== Dataset extract ==
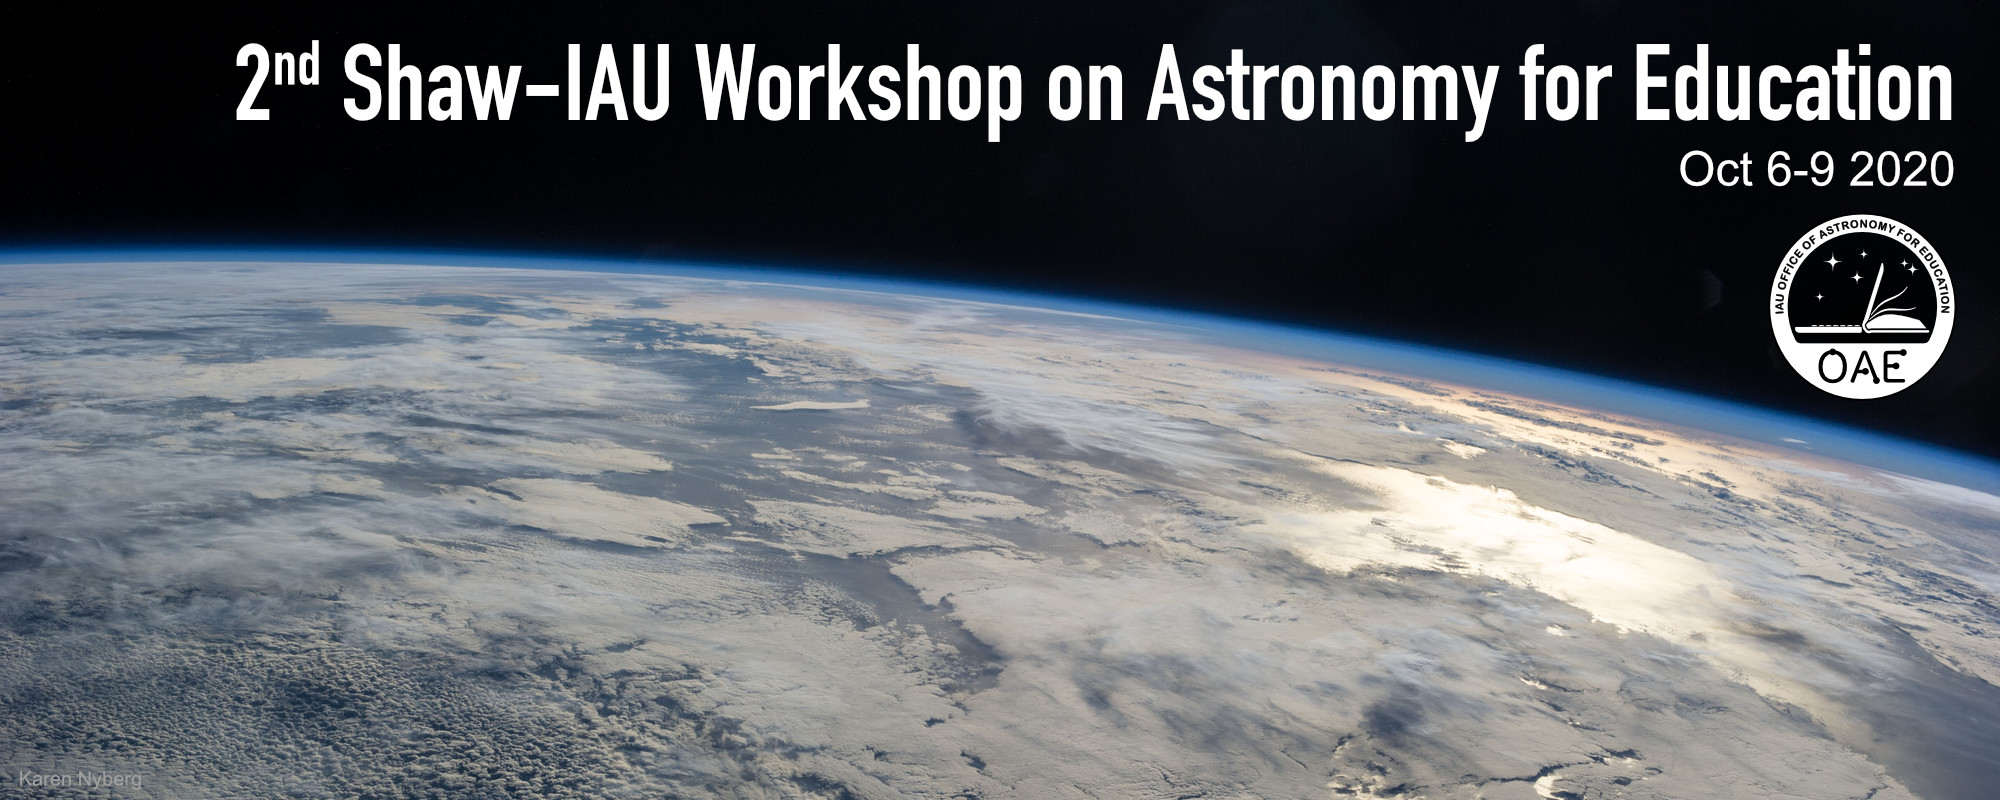 2nd Shaw-IAU Workshop on Astronomy for Education banner
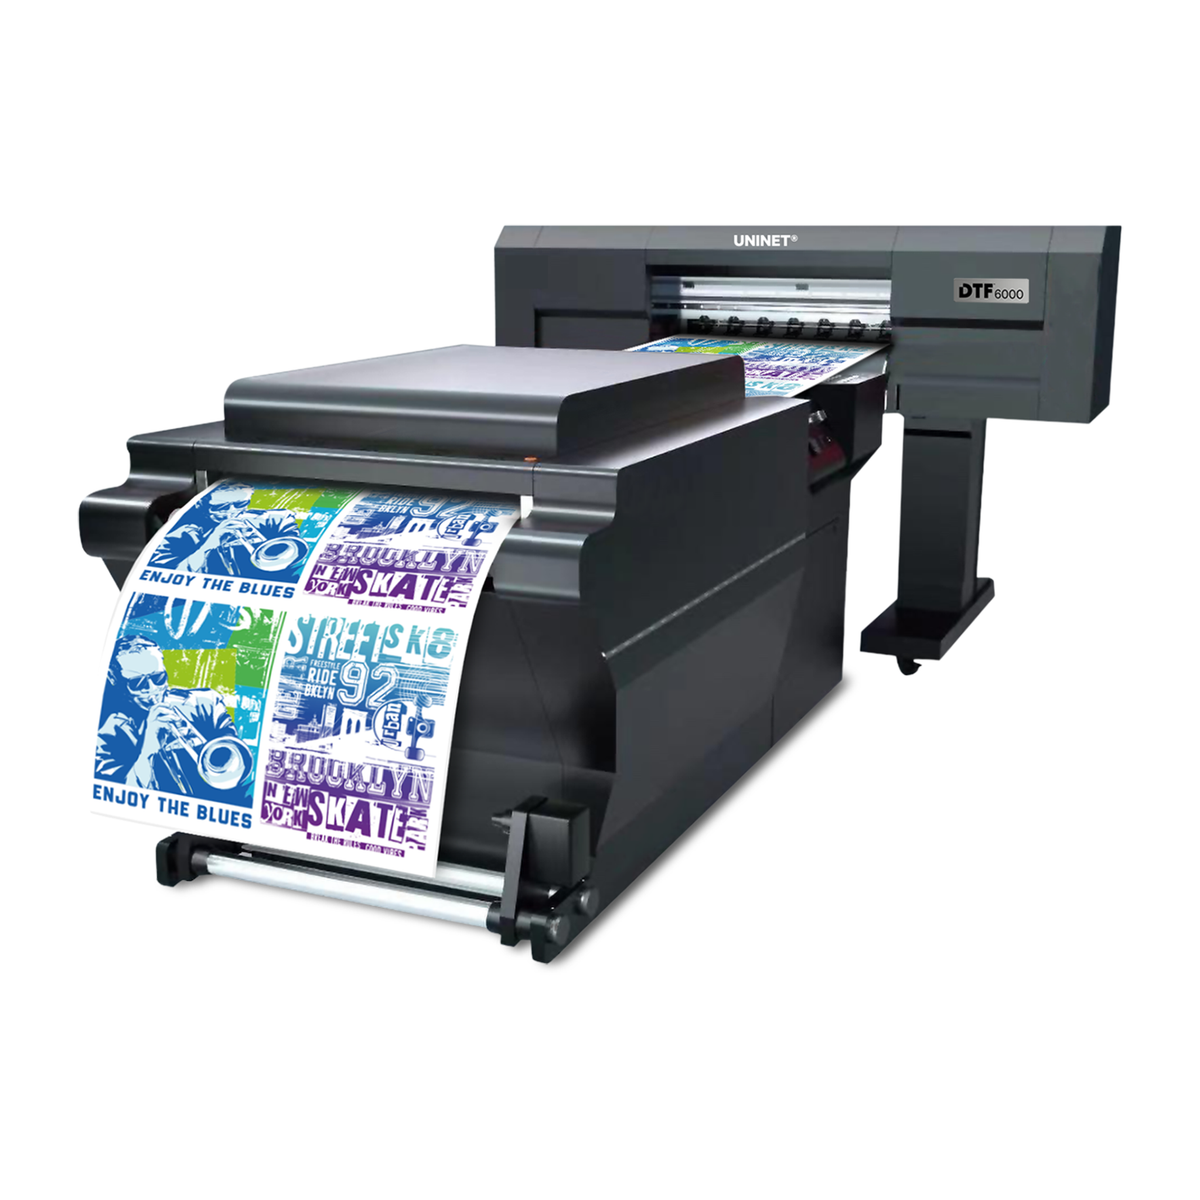 DTF 6000 Printer - Deluxe PRO Package with Hotronix Hover Heat Press 16” x 24” and Fume Extractor
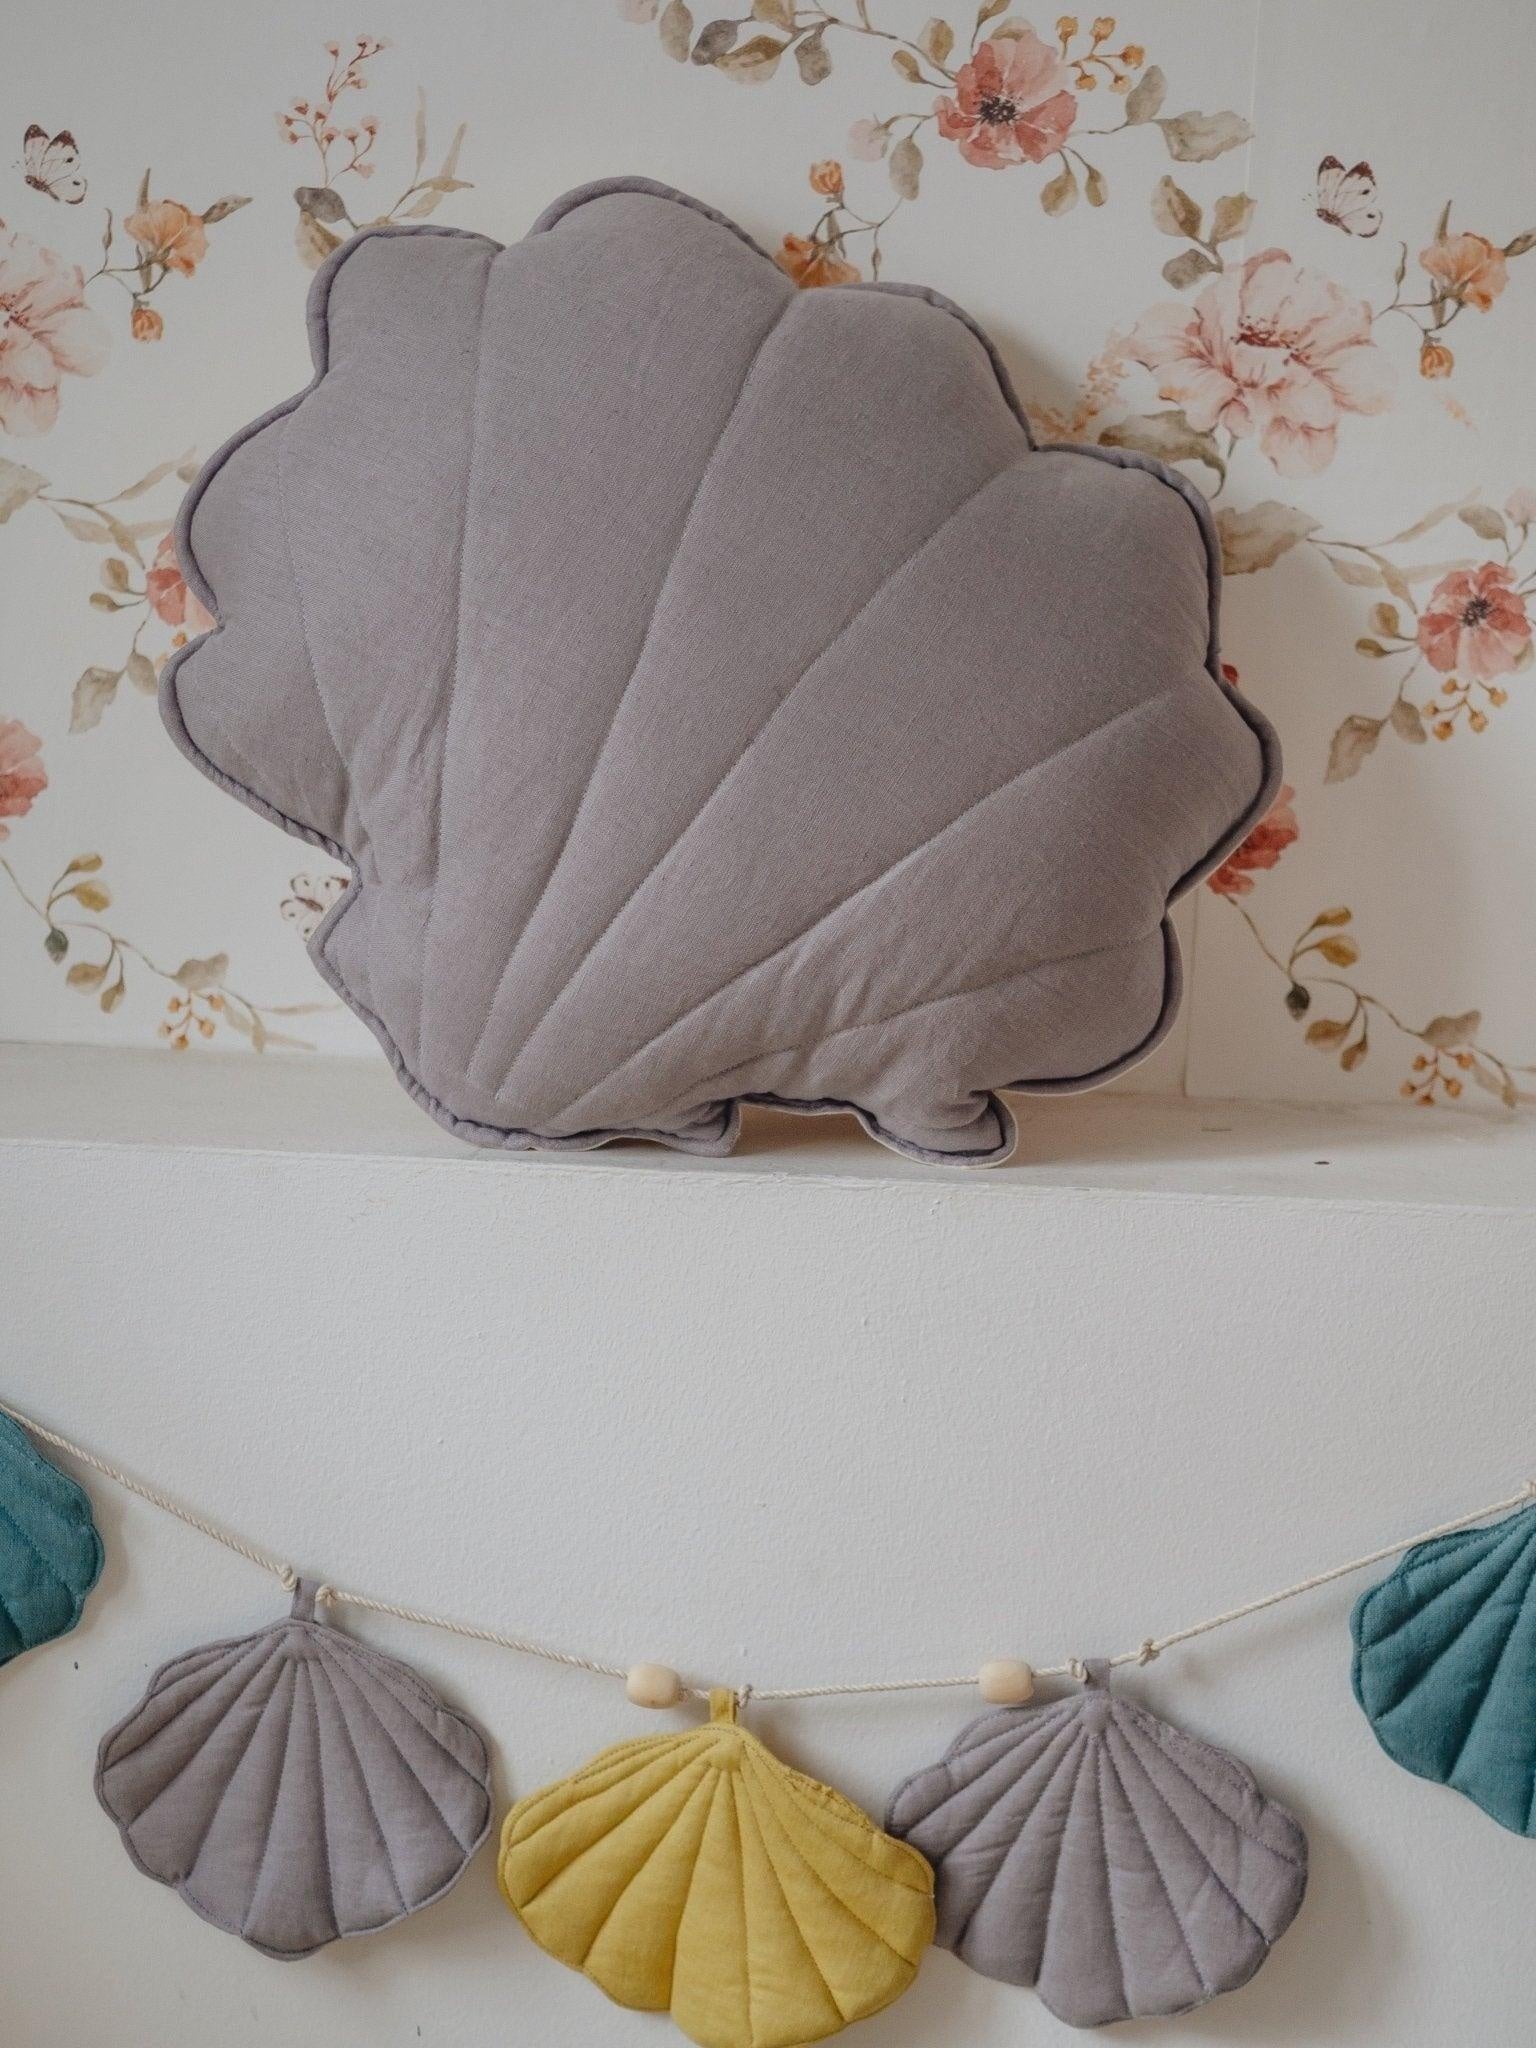 “Eye of the Sea” Linen Garland with Shells
===
__Work item__. Copy the listing exactly, omitting pictures.

__Written solution__.
 2nd Shaw-IAU Workshop on Astronomy for Education banner
 DTF 6000 Printer - Deluxe PRO Package with Hotronix Hover Heat Press 16” x 24” and Fume Extractor
 “Eye of the Sea” Linen Garland with Shells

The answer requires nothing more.